- **RECORDED DATA**
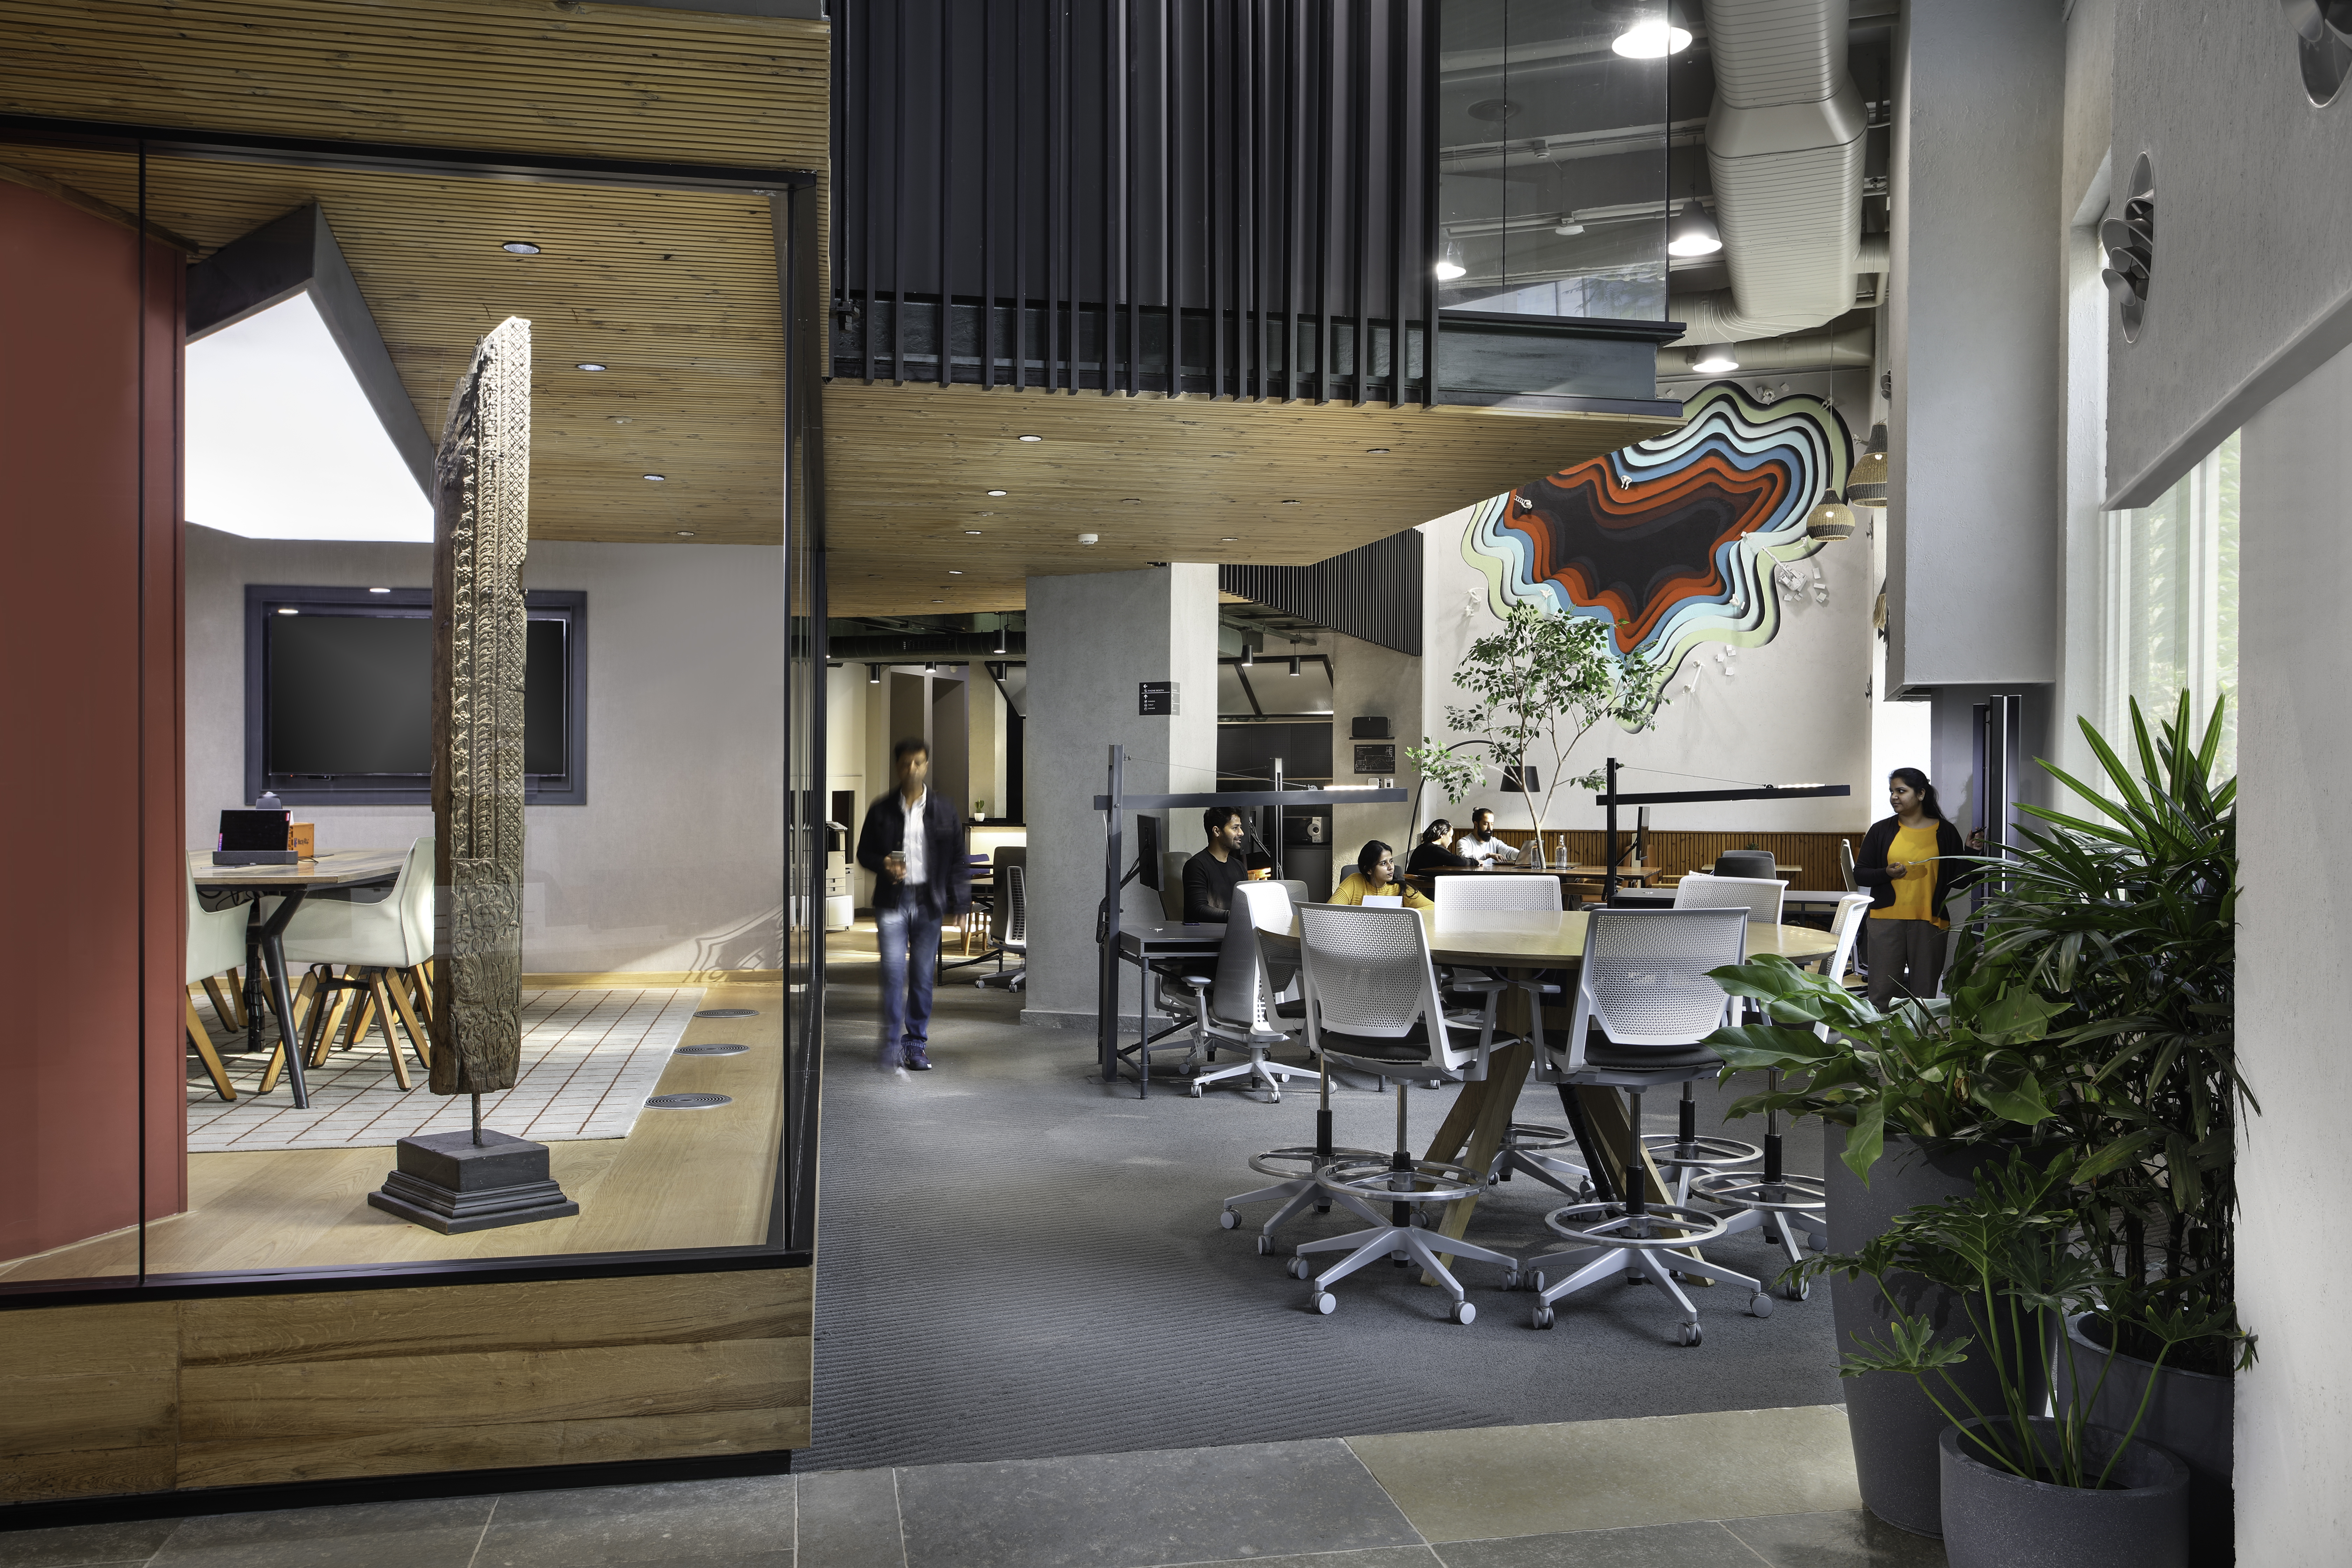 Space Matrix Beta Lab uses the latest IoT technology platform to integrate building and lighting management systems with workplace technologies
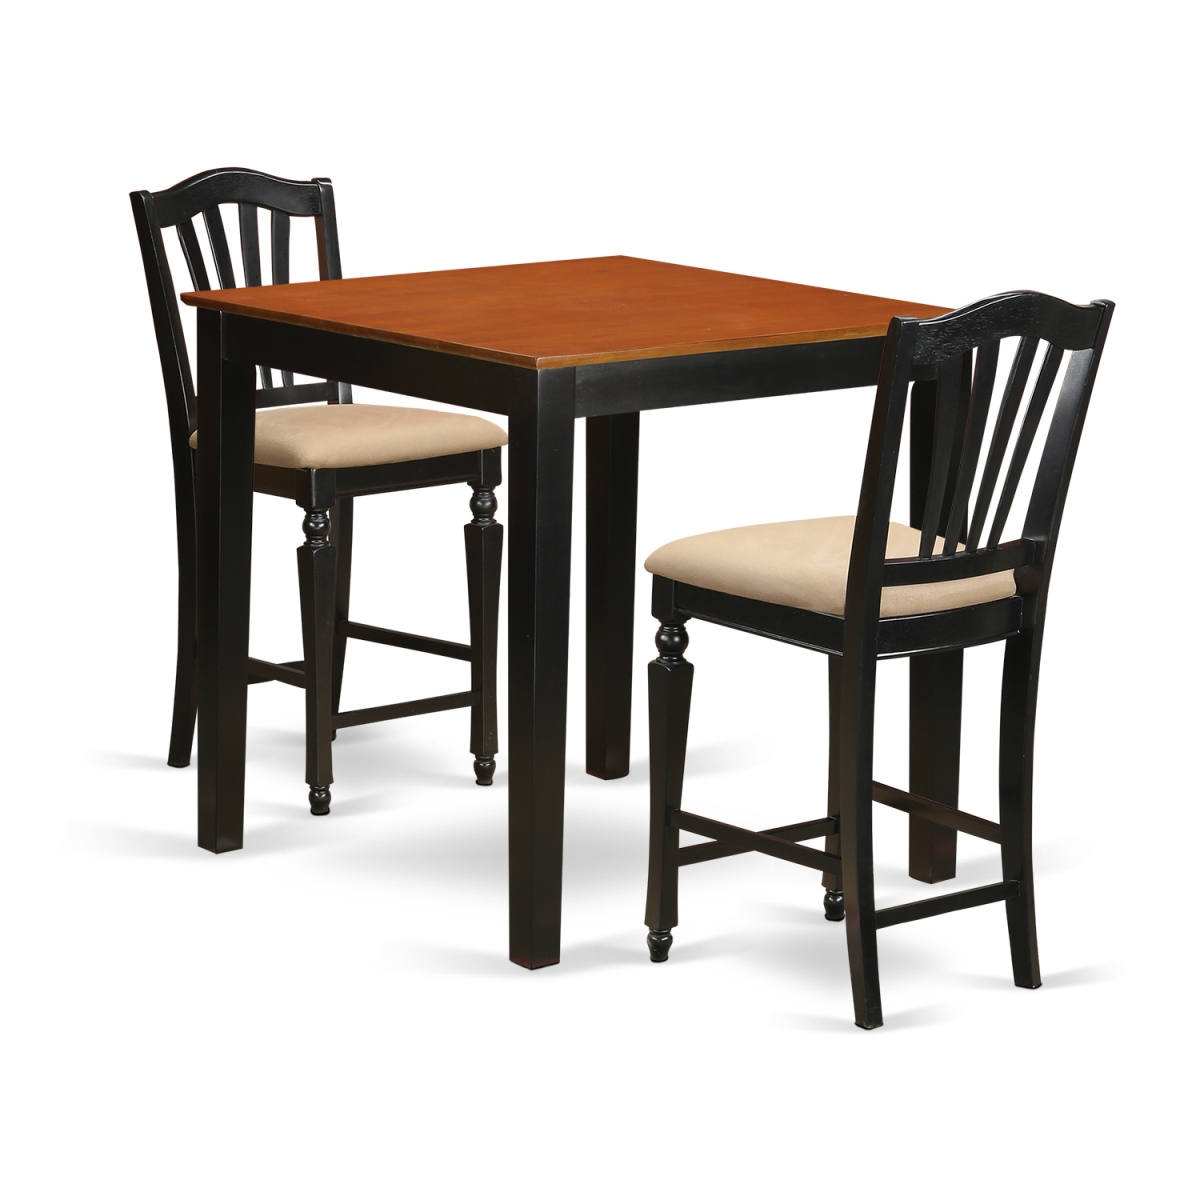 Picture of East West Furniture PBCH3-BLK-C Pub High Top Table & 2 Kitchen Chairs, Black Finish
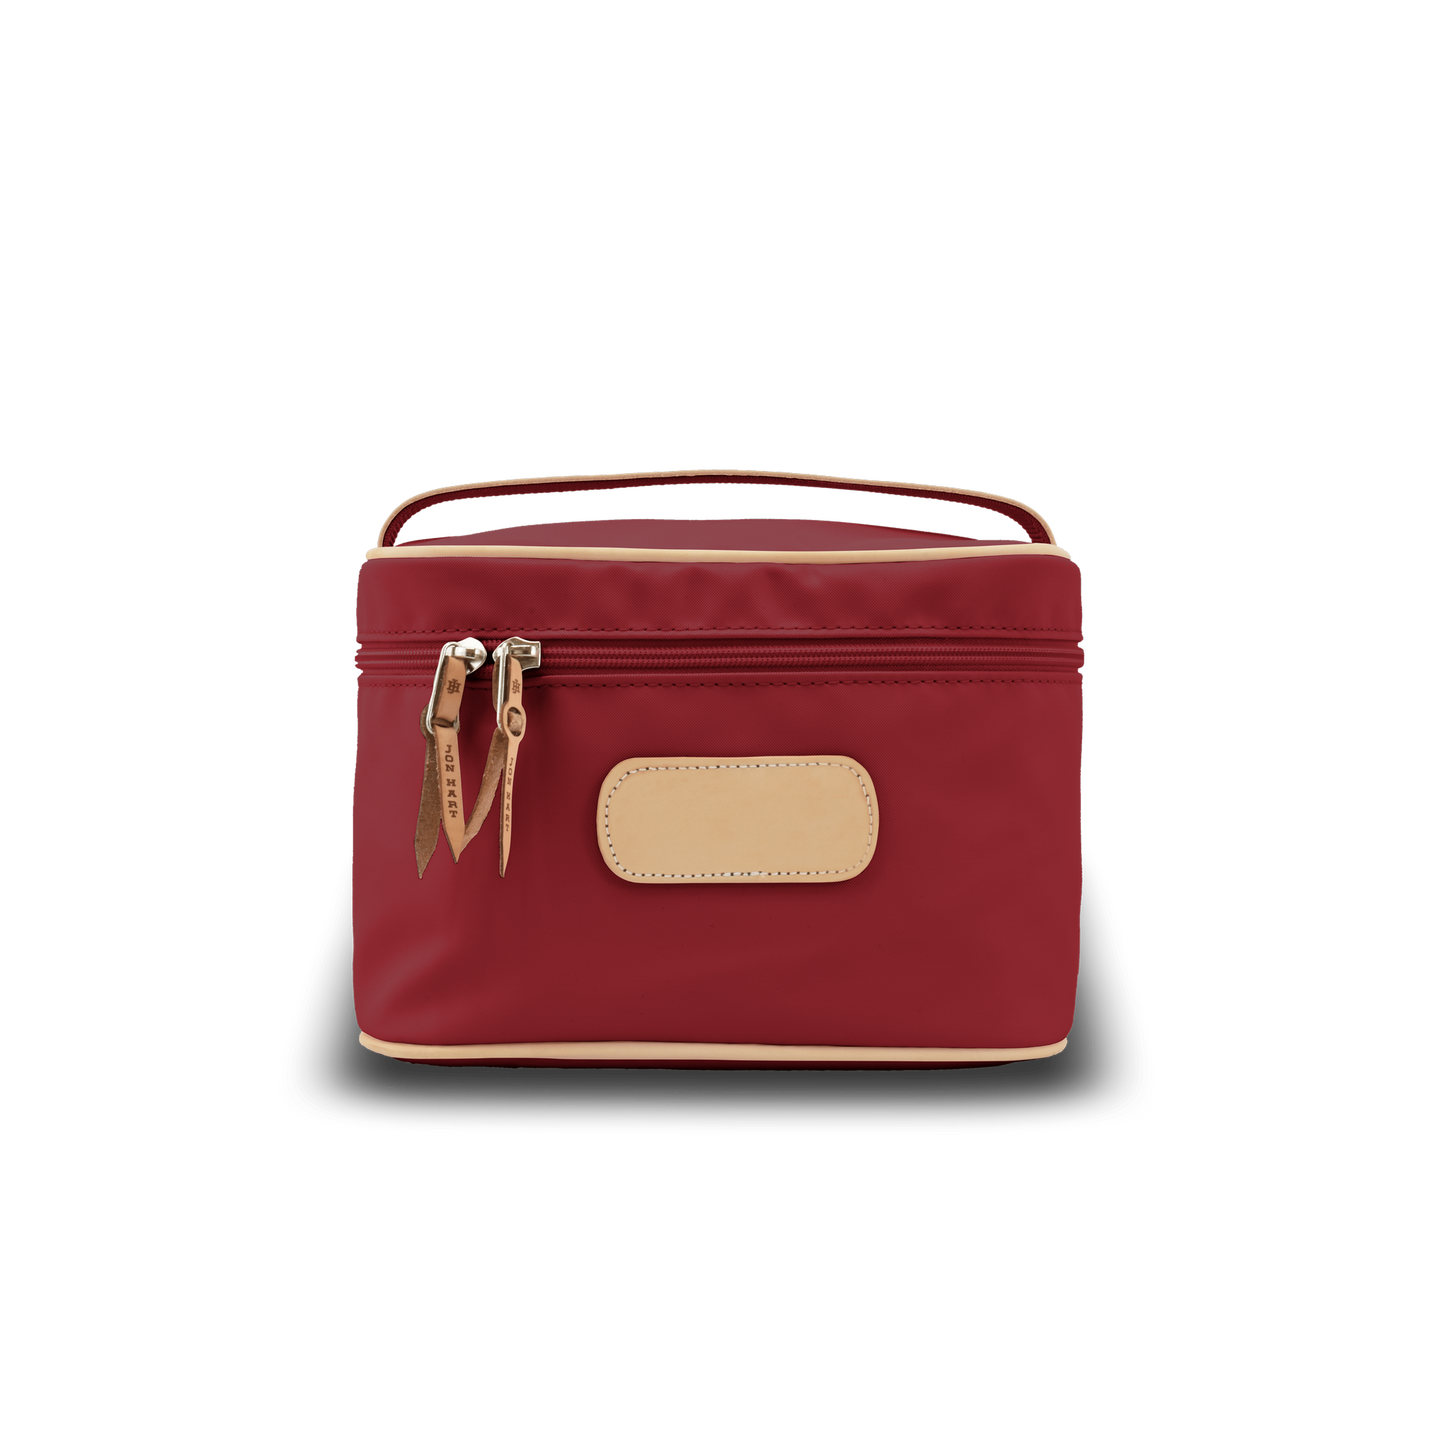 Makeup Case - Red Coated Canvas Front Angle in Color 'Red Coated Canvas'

- **TASK ITEM**
Would it be possible to give the material above again exactly, with the pictures left out?

- **OUTPUT**
 Space Matrix Beta Lab uses the latest IoT technology platform to integrate building and lighting management systems with workplace technologies
 Picture of East West Furniture PBCH3-BLK-C Pub High Top Table & 2 Kitchen Chairs, Black Finish
 Makeup Case - Red Coated Canvas Front Angle in Color 'Red Coated Canvas'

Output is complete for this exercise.